Intervention de Aurélie Filippetti

Commission de la culture, de l'éducation et de la communication — Réunion du 17 juillet 2012 : 1ère réunion
Audition de Mme Aurélie Filippetti ministre de la culture et de la communication

Aurélie Filippetti, ministre de la culture et de la communication :

J'ai été sensible, madame la présidente, à votre invitation à venir m'exprimer devant votre commission. C'est bien volontiers que je me plie à cet exercice dont, pour avoir siégé durant la législature précédente à l'Assemblée nationale, je mesure l'enrichissement qu'il représente pour chacun d'entre nous.

J'évoquerai, d'abord, le lien que j'entends tisser avec votre commission, avant d'en venir aux principaux axes de la politique que je compte mener.

Je connais la valeur du travail parlementaire, dont les rapports présentés par les sénateurs membres de cette commission au cours des derniers mois sont un parfait témoignage. Je pense notamment au rapport d'information sur la culture à l'heure du numérique ou encore aux différents rapports budgétaires qui sont une vraie mine d'informations.

J'ai pu constater la qualité du travail collectif mené par les parlementaires qui permet à la fois le temps de la réflexion et la prise en considération des positions extérieures par le biais des auditions.

Je souhaite donc associer votre commission aux actions que nous allons mener et développer avec vous une relation de confiance, plus indispensable que jamais en cette période de crise.

Je souhaite ensuite m'inscrire en rupture avec les politiques menées ces dernières années. Mes prédécesseurs ont en effet orienté leurs actions sur l'idée d'une « culture pour chacun », ce qui revient à une culture qui renverrait dos-à-dos des individus isolés, jouissant en privé d'une culture que l'on aurait dépouillée d'une de ses grandes vertus : sa capacité à créer du lien social, à renforcer notre vivre ensemble, à nourrir des rêves communs.

La gestion du ministère de la culture par le précédent gouvernement a été particulièrement erratique, puisque de très nombreux projets ont été engagés sans que les financements en soient assurés. La « sanctuarisation » des crédits de la culture et de la communication était en réalité un mythe.
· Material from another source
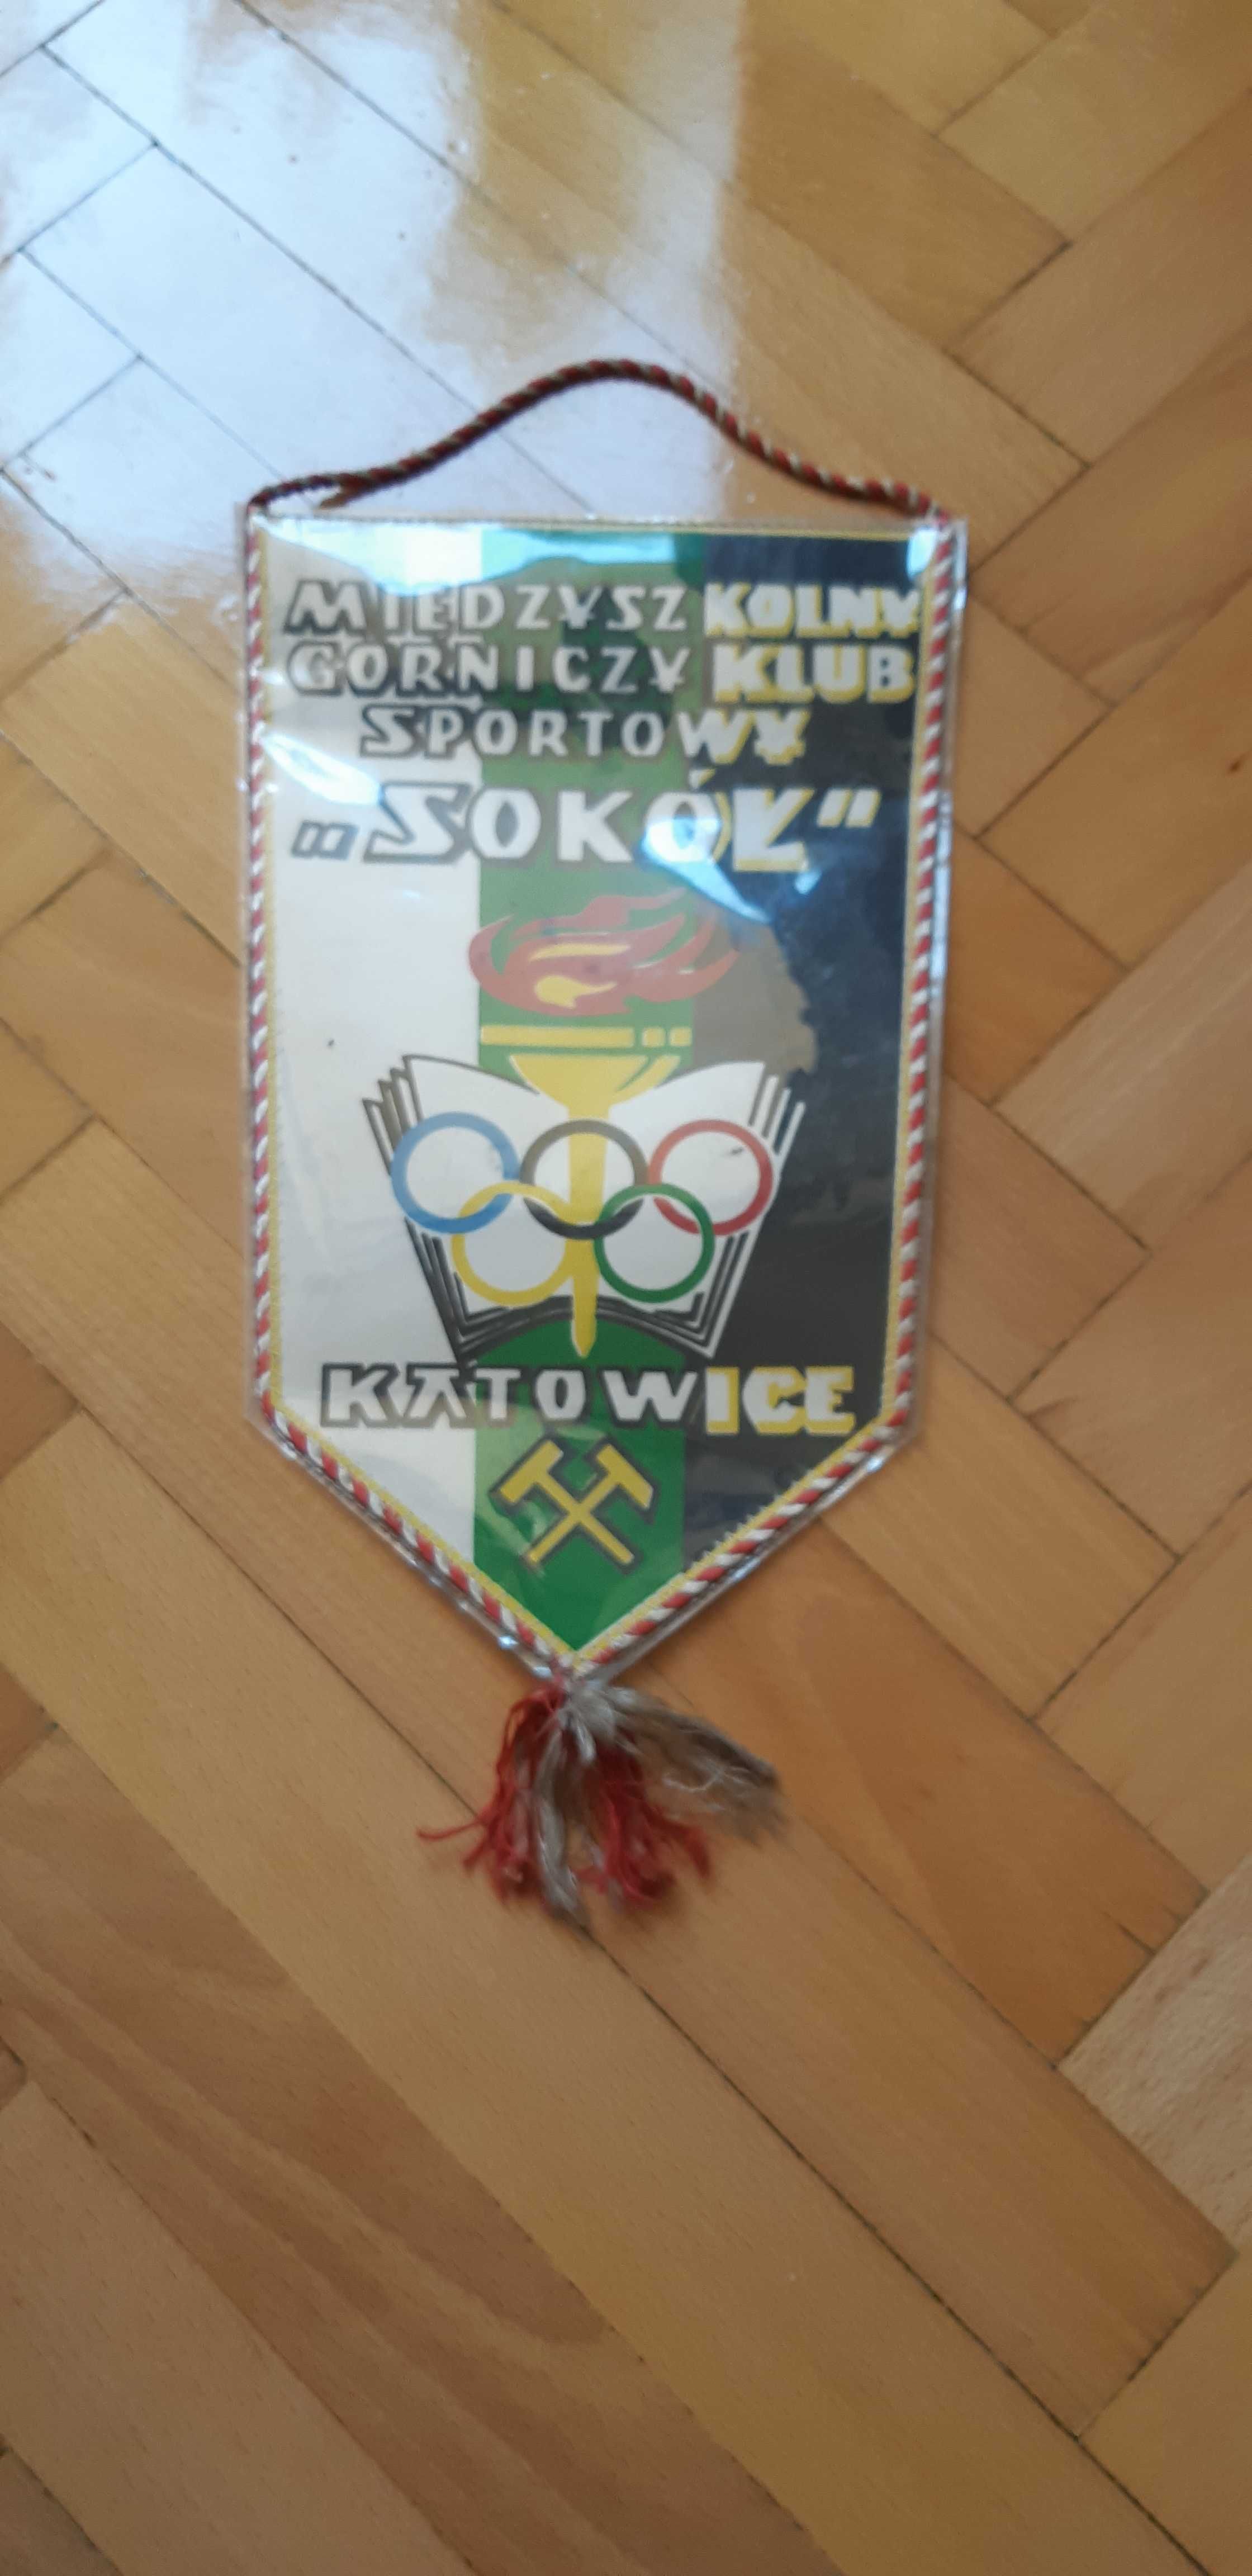 proporczyk Międzyszkolny Górniczy Klub Sportowy Sokół Katowice

Il s'agit de prendre la mesure de cette situation financière extrêmement dégradée mais aussi de donner à notre politique la plus grande vitalité possible. Les difficultés budgétaires n'affaibliront pas notre ambition. Je souhaite que tous nos partenaires puissent se mobiliser : les élus, le ministère, les établissements publics...

Je dois rappeler aussi l'impact économique des investissements de l'État en matière culturelle, comme l'a fait le Président de la République lors de son déplacement en Avignon : la culture est aussi un investissement qui permet à des territoires d'être plus attractifs « économiquement », de générer des « emplois » et de « donner une image de compétitivité pour notre pays », d'autant que les enjeux auxquels ce ministère est confronté n'ont pas qu'une dimension budgétaire.

La culture, en tant que bien particulier, ne relève pas uniquement des logiques de marché. Nous devons à ce titre défendre l'exception culturelle française au niveau européen, ce qui permet de forger un contenu culturel à la construction européenne. La notion de culture doit être au coeur de la citoyenneté, surtout dans une période de crise, pour permettre justement à tous les citoyens de retrouver une fierté d'eux-mêmes.

En conformité avec l'action du Président de la République, je souhaite donc que le ministère considère comme sa première mission la recherche de l'égal accès de tous à la culture. Ce grand principe ne saurait être distinct de la question de la production d'oeuvres artistiques. Je m'attacherai donc à mener une politique en faveur de toutes les créations.

Défendre la diversité culturelle en France, en Europe et dans le monde est un devoir aussi impérieux que celui de garantir la liberté de la presse et de l'audiovisuel public, diversité et liberté étant intimement liées.

Le ministère de la culture et de la communication se doit de prendre soin du territoire national, les Outre-mer inclus, bien sûr, qu'il entend revitaliser par ses politiques d'aide au spectacle vivant, à la création, à la valorisation du patrimoine, mais aussi en renforçant les liens avec les collectivités territoriales dans le cadre de la décentralisation culturelle.

Aucun de nos territoires - ruraux comme urbains - ne doit être délaissé. Cette revitalisation va de pair avec la volonté de redonner du sens aux politiques publiques à l'ère du numérique.

Il faudra enfin redonner toute sa place à la diplomatie culturelle et contribuer à étendre l'influence de la France en matière culturelle à l'étranger.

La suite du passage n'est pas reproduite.